5.2. Comparison Results
Quantitative comparison. To validate the effectiveness of our proposed method, we first conduct a comprehensive comparison with recent state-of-the-art methods on the ISTD+ datasets. The results, as depicted in Table 2, clearly demonstrate our method’s superiority in terms of reconstruction quality, as evaluated by multiple metrics, including RMSE, PSNR, SSIM, and LPIPS. Specifically, for the comparison at the whole image level, our method outperforms all the competitors. Compared to Fu et al.(Fu et al., 2021c), our method achieves a reduction of 20.50% in RMSE and 68.38% in LPIPS, as well as an increase of 15.32% in PSNR and 14.21% in SSIM. Similarly, compared to Param+M+D-Net(Le and Samaras, 2020), our method demonstrates superior performance with a reduction of 15.92% in RMSE and 30.30% in LPIPS, as well as an increase of 12.68% in PSNR and 1.89% in SSIM. For the comparison in the shadow regions, our method also outperforms other methods. Compared to Fu et al.(Fu et al., 2021c), our method achieves a reduction of 9.80% in RMSE, as well as an increase of 5.14% in PSNR and 1.30% in SSIM. When compared to Param+M+D-Net(Le and Samaras, 2020), our method achieves a reduction of 38.87% in RMSE, as well as an increase of 13.96% in PSNR and 0.47% in SSIM. For the comparison in the non-shadow regions, our method continues to outperform other methods. Compared to Fu et al.(Fu et al., 2021c), our method achieves a reduction of 24.12% in RMSE, as well as an increase of 19.45% in PSNR and 11.54% in SSIM. Additionally, when compared to Param+M+D-Net(Le and Samaras, 2020), our method achieves a reduction of 1.06% in RMSE, as well as an increase of 7.89% in PSNR and 0.43% in SSIM.
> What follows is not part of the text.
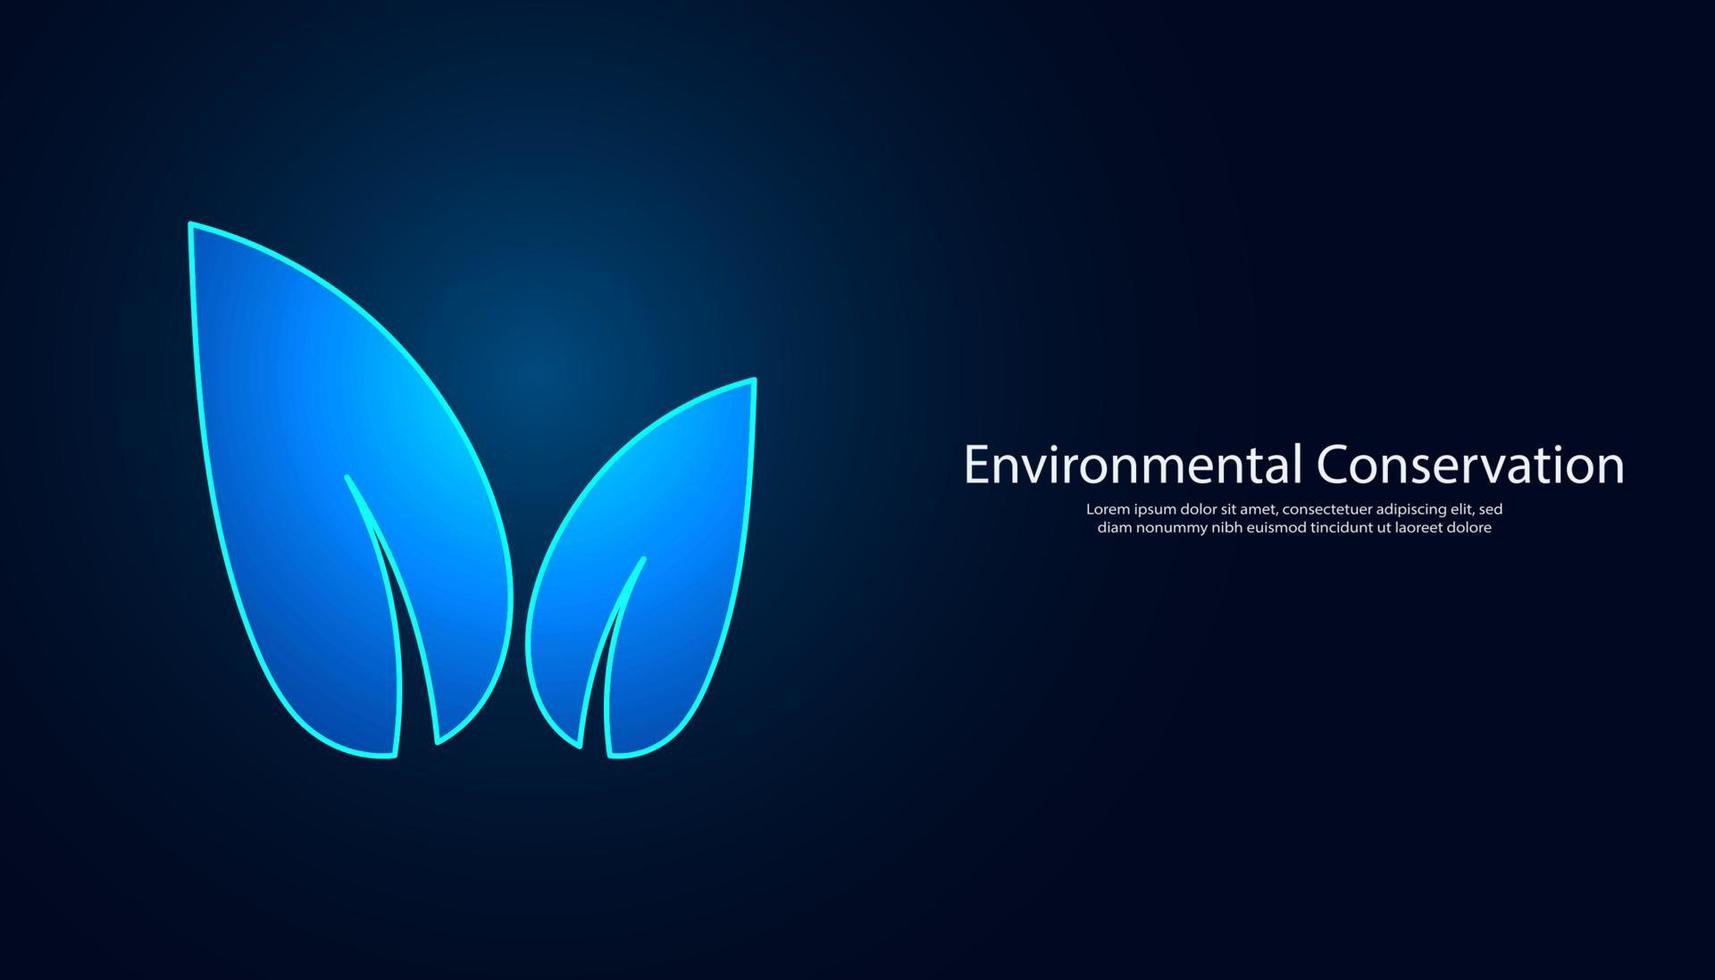 fondo abstracto concepto digital hoja símbolo protección del medio ambiente guardar tierra ahorro de energía moderno futurista fondo azul oscuro para texto vector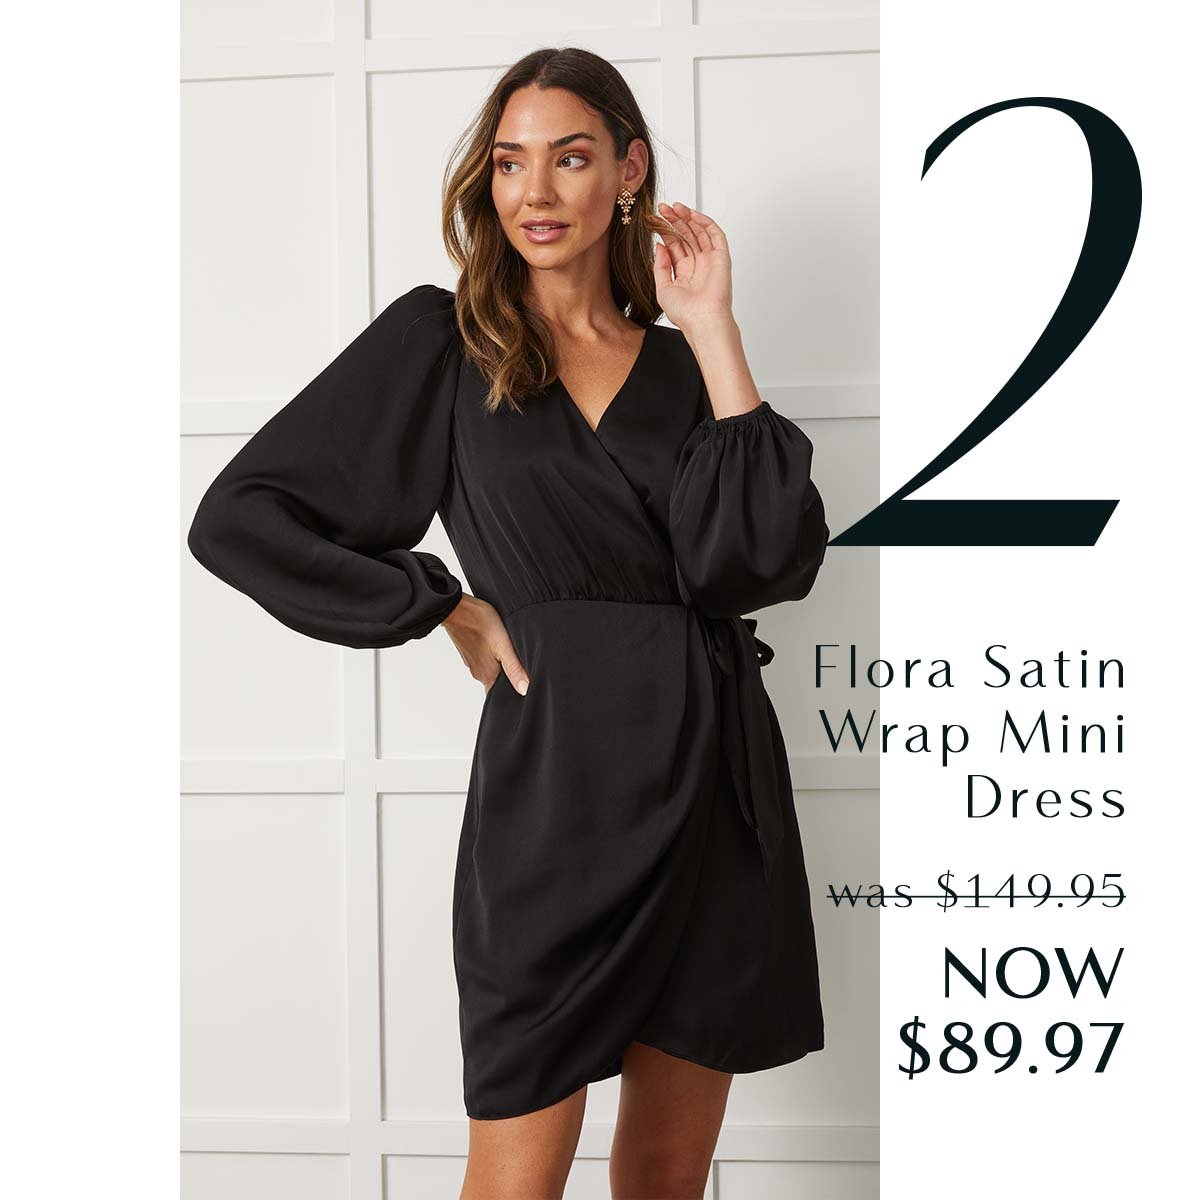 5. Flora Satin Wrap Mini Dress was $149.95 NOW $89.97

To further substantiate the effectiveness of our proposed method, we conducted additional comparison experiments on the SRD dataset. The results, as presented in Table 3, demonstrate the superiority of our method over other state-of-the-art shadow removal approaches. Our method exhibits a significant margin of improvement across all evaluation metrics. Specifically, for the comparison at the whole image level, our method outperforms all the competitors. Compared to DHAN(Cun et al., 2020), our method achieves a reduction of 22.20% in RMSE and 9.09% in LPIPS, as well as an increase of 9.46% in PSNR and 1.47% in SSIM. Compared to BMNet(Zhu et al., 2022a), our method demonstrates superior performance with a reduction of 14.39% in RMSE and 11.87% in LPIPS, as well as an increase of 5.30% in PSNR and 0.41% in SSIM. For the comparison in the shadow regions, our method also outperforms other methods. Compared to DHAN(Cun et al., 2020), our method achieves a reduction of 24.44% in RMSE, as well as an increase of 7.15% in PSNR and 0.41% in SSIM. When compared to BMNet(Zhu et al., 2022a), our method achieves a reduction of 15.90% in RMSE, as well as an increase of 6.12% in PSNR and 0.43% in SSIM. For the comparison in the non-shadow regions, our method continues to outperform other methods. Compared to DHAN(Cun et al., 2020), our method achieves a reduction of 20.31% in RMSE, as well as an increase of 9.22% in PSNR and 0.93% in SSIM. Additionally, when compared to BMNet(Zhu et al., 2022a), our method achieves a reduction of 13.13% in RMSE, as well as an increase of 2.65% in PSNR and 0.04% in SSIM. These comparison results unequivocally support the effectiveness of our proposed method and its superiority over the state-of-the-art methods in relation to reconstruction quality in both the shadow regions and non-shadow regions.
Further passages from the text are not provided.